Foreshadowing: s(t)inking dowries…

In yesterday’s blog entry, I touched upon the foreshadowing of piracy in Measure for Measure. Today, let’s take a look at dowries.

Just as Act One, Scene Two contained the first inkling of piracy, so too it holds the first references to the concept of dowries and contracts. When Claudio attempts to tell Lucio of the reasons behind his arrest, he references the “true contract” (I.ii.144) between Claudio and Juliet; and this engagement granted Claudio “possession of Juliet’s bed” (I.ii.145). The only thing missing was the wedding itself, which had been delayed until the “propagation of a dower” (I.ii.149). The problem was a pregnancy that took root before that dowry could be secured, and now with the pregnancy showing (“too gross…writ” [I.ii. 154]), the crime of fornication is obvious. In just this single eleven-line speech, the concept of dowries is foreshadowed and the parallel between Claudio and Angelo is created, to be revealed later.

In Act Three, Scene One, as the disguised duke (our ever-lovin’ fruke) discusses how Isabella might solve all the problems stemming from Angelo, he tells the tale of of Mariana, the former fiancee of the deputy duke. Using the same terms as Claudio, the fruke talks of the “contract” (III.i.213) between Angelo and Mariana; recounts how the brother of Mariana was returning from a military exploit, when he was “wracked at sea” (III.i.214) and thus lost “the dowry of his sister” (III.i.215). Alone, later, as he reviews his plan in soliloquy, he mentions again the “old contracting” (III.ii.270) that needs to be completed.

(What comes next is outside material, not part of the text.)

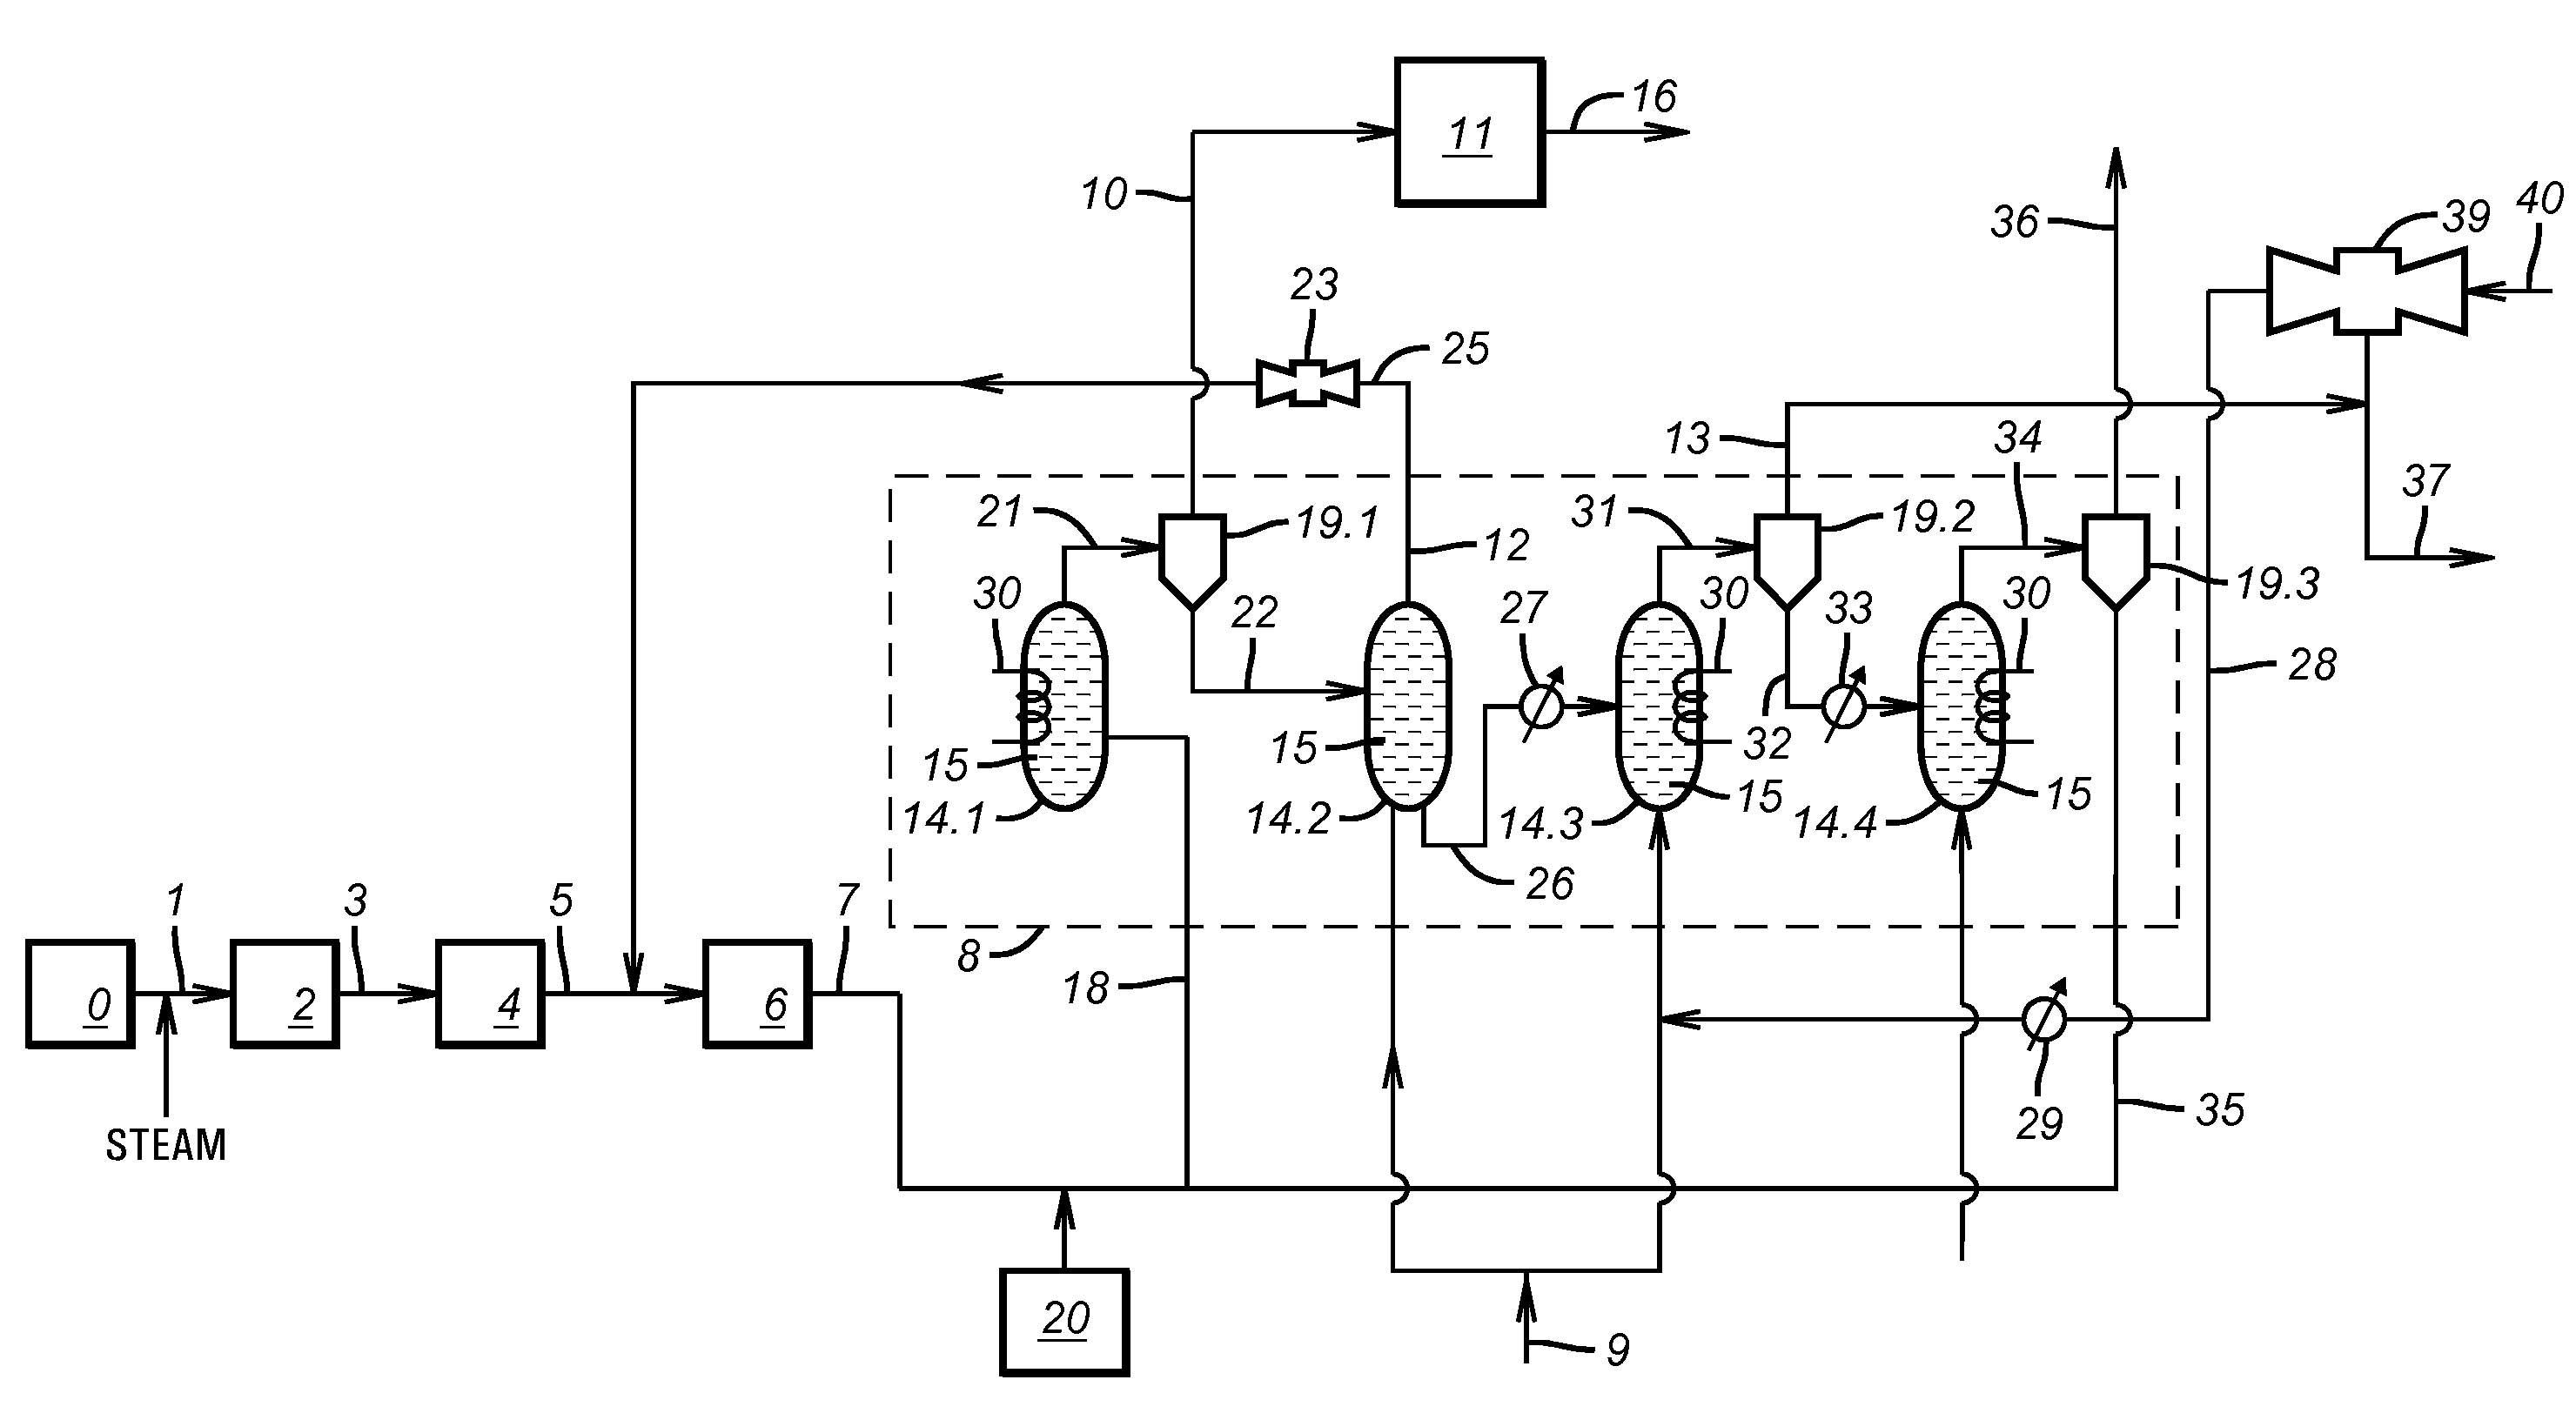 Process For The Production Of Hydrogen And Carbon Dioxide Utilizing Magnesium Based Sorbents

This legal term of “contract” surfaces again when the fruke discusses with Mariana her past, calling Angelo her “husband on a precontract” (IV.i.71). Mariana uses this term as well during the confrontation with Angelo is the play’s final scene, alluding to her “vowed contract” (V.i.208). When all has been revealed, the (undisguised) duke asks Angelo if he was “contracted to this woman” (V.i.373), a question Angelo can only answer in the affirmative.

However, before all is revealed, Angelo (like Bertram in our last play All’s Well That Ends Well) does everything in his power NOT to use those legally-charged words of “dowry” and “contact.” Instead, he describes the contracted dowry as “promised proportions” (V.i.218), a completely innocuous term, with no legal or matrimonial connotation (while the term “marriage portion” was a euphemism for dowry, note that Angelo’s phrase is even an avoidance of that euphemism). Angelo, needless (but still fun) to say, is a bit of hypocritical douche-bag.